The dramatic growth the mineral collecting enterprise naturally became stratified. The “best” minerals, especially those that were colorful, became much more expensive. In addition, the concept of a market for minerals that paralleled the market for art pushed this segregation even further. By the late 1970s there were mineral dealers in the TGMS show that only “dealt” with high end material; these dealers would sell individual specimens for more money that most of the mom and pop dealers would make during the entire TGMS show. It was the Malthusian end – demand crushed the supply side of the equation. Further, it seemed advances in mechanized mining, solution extraction, and exploration of low grade ores meant that the flow of collectable minerals was slowing to a trickle.
Much grumbling was heard in the late 1970s that the mineral collecting hobby was “over”. Purchasing high quality specimens was becoming out of reach for many collectors, and large number of the collecting localities in the US were being reclaimed or closed to the causal rock hound. However, the very driver that caused this grumbling – money – was allowing collecting to be done on a commercial scale. Collecting contracts were profitable in some large active mines, and the potential to realize profits began to entice wealthy collectors to invest in specialty mining: the Sweet Home Mine rhodochrosite and Red Cloud wulfenite mining endeavors would not have happened without a market for million dollar rocks. In the mid-1990s dealers began to market on the internet – it was an innovative way to reach remote customers, but it also had the remarkable effect of democratizing the pricing of minerals. Miners in Bolivia could actually see how much a dealer in the US was asking for the vivianite specimen the miner had sold to the dealer a month ago. A new supply-demand relationship in mineral collecting was born.

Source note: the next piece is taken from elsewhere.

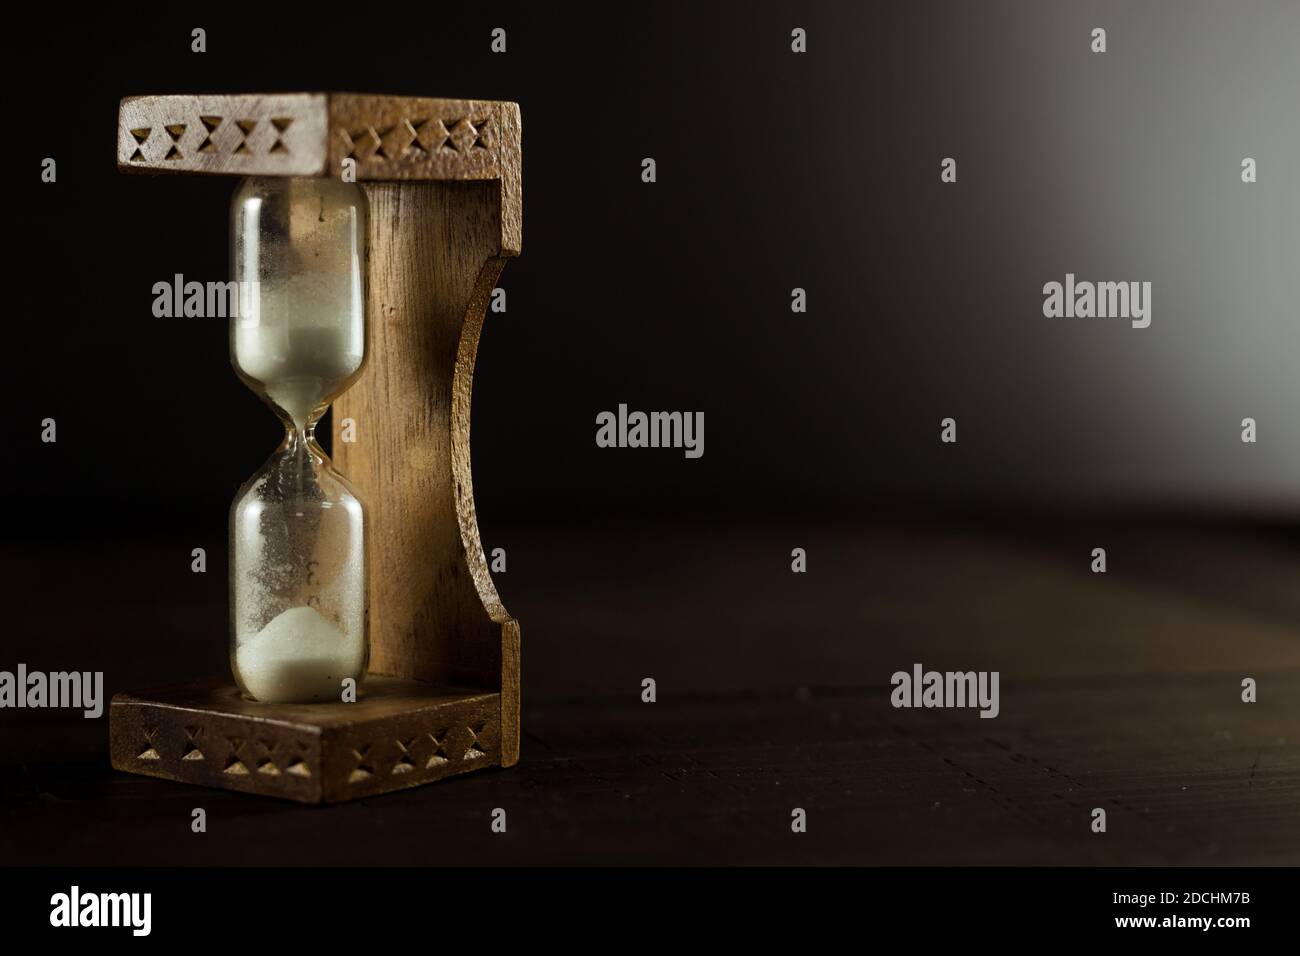 An old vintage hourglass sandglass with white sand on the wooden table. Black background, close up, business deadline concept. Stock Photo
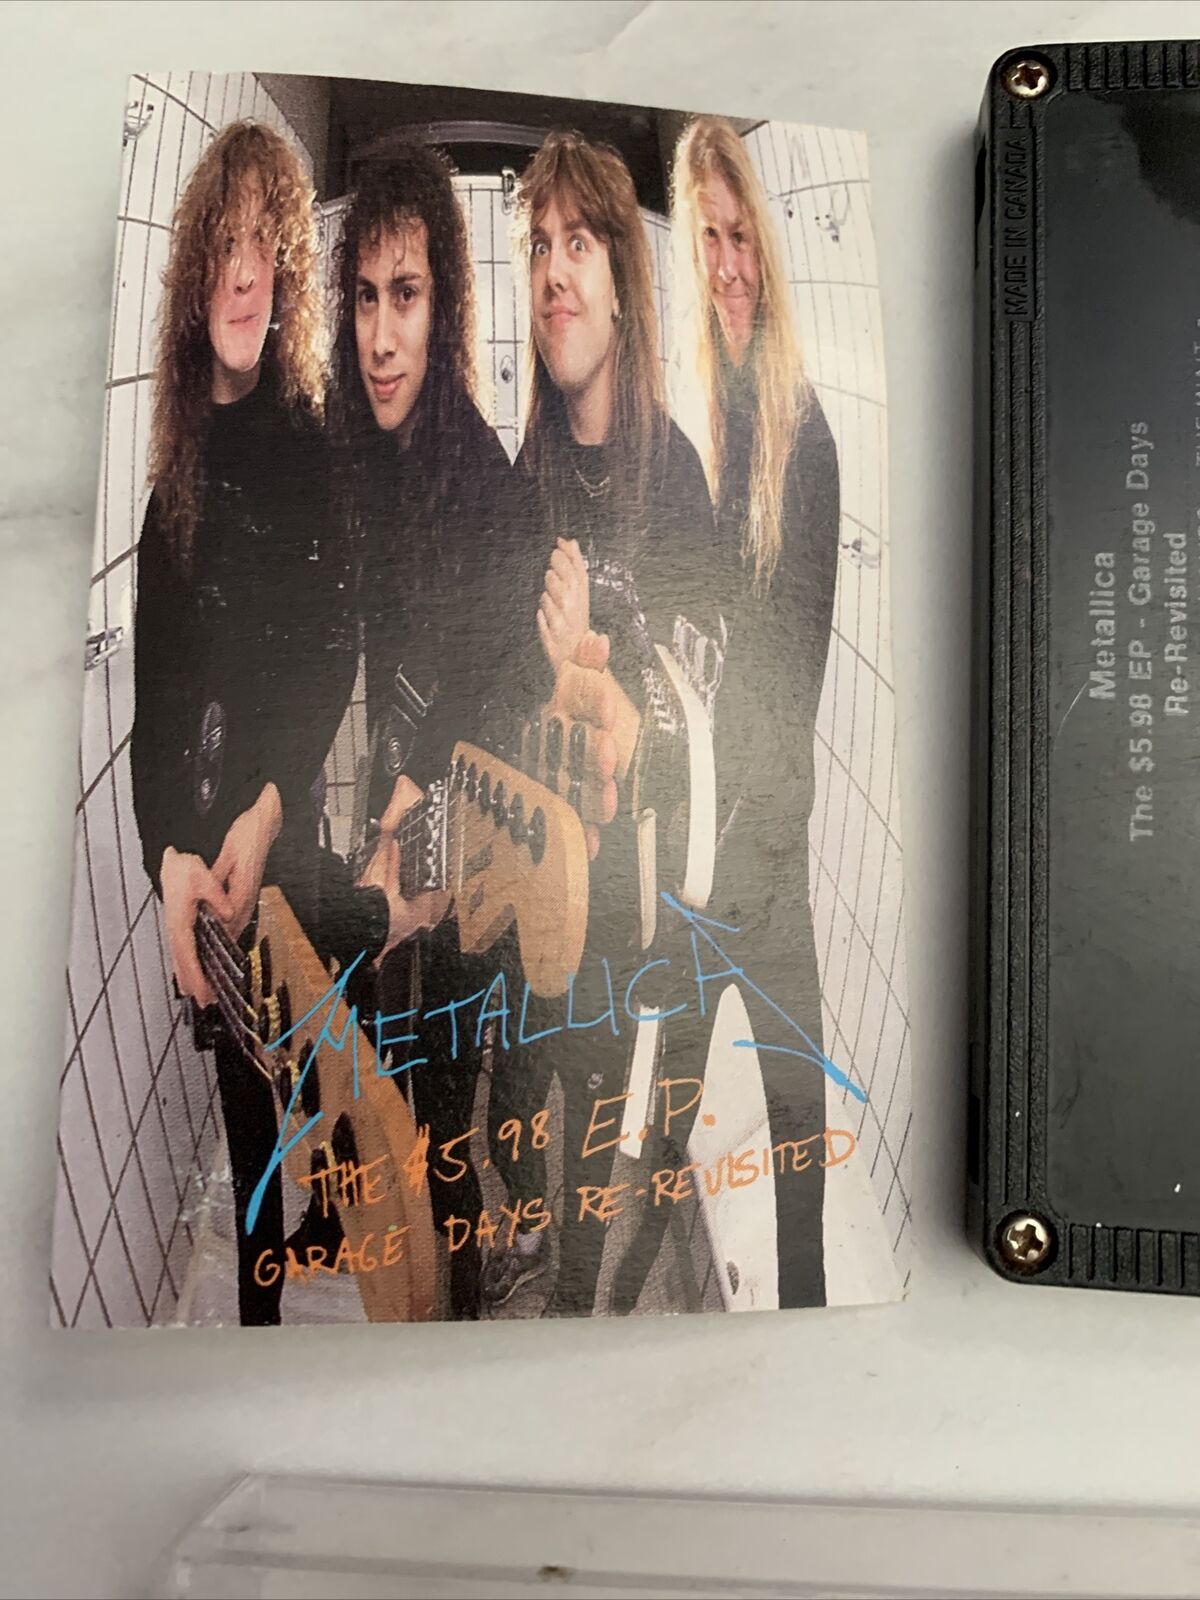 The $5.98 E.P.: Garage Days Re-Revisited by Metallica (Cassette, 1987,...

Today’s Golden Age – At Least for Silver Minerals
Guanajuato is located 475 km northwest of Mexico City, along the “silver channel” a string of incredible silver districts running along the spine of Mexico. In 1548, a group of ore haulers was returning to the recently discovered silver camp of Zacatecas after delivering their load to Mexico City. The haulers decided to camp beneath a rock outcrop that resembled a frog – the name Guanajuato is said to be a Spanish pronunciation of the Tarascan Indian word for hill of frogs (Martin, 1906). A little prospecting uncovered a vein of silver, and a claim was staked on one of the world’s greatest mining camps. Over then next 475 years Guanajuato would go through periods of boom and bust; the booms were extraordinary! In the 18th century Guanajuato accounted for two thirds of the world’s total silver production. In 1906, Englishman Percy Martin wrote a promotional book call Mexico’s Treasure House (Guanajuato), in which he extolled the virtues of the silver district: “The silver mines of Guanajuato differ from most other mines in the world inasmuch as there is nothing conjectural nor problematic about them”. Hardly true, but there is nothing conjectural about the fact that for 450 years the district has supplied unsurpassed mineral specimens.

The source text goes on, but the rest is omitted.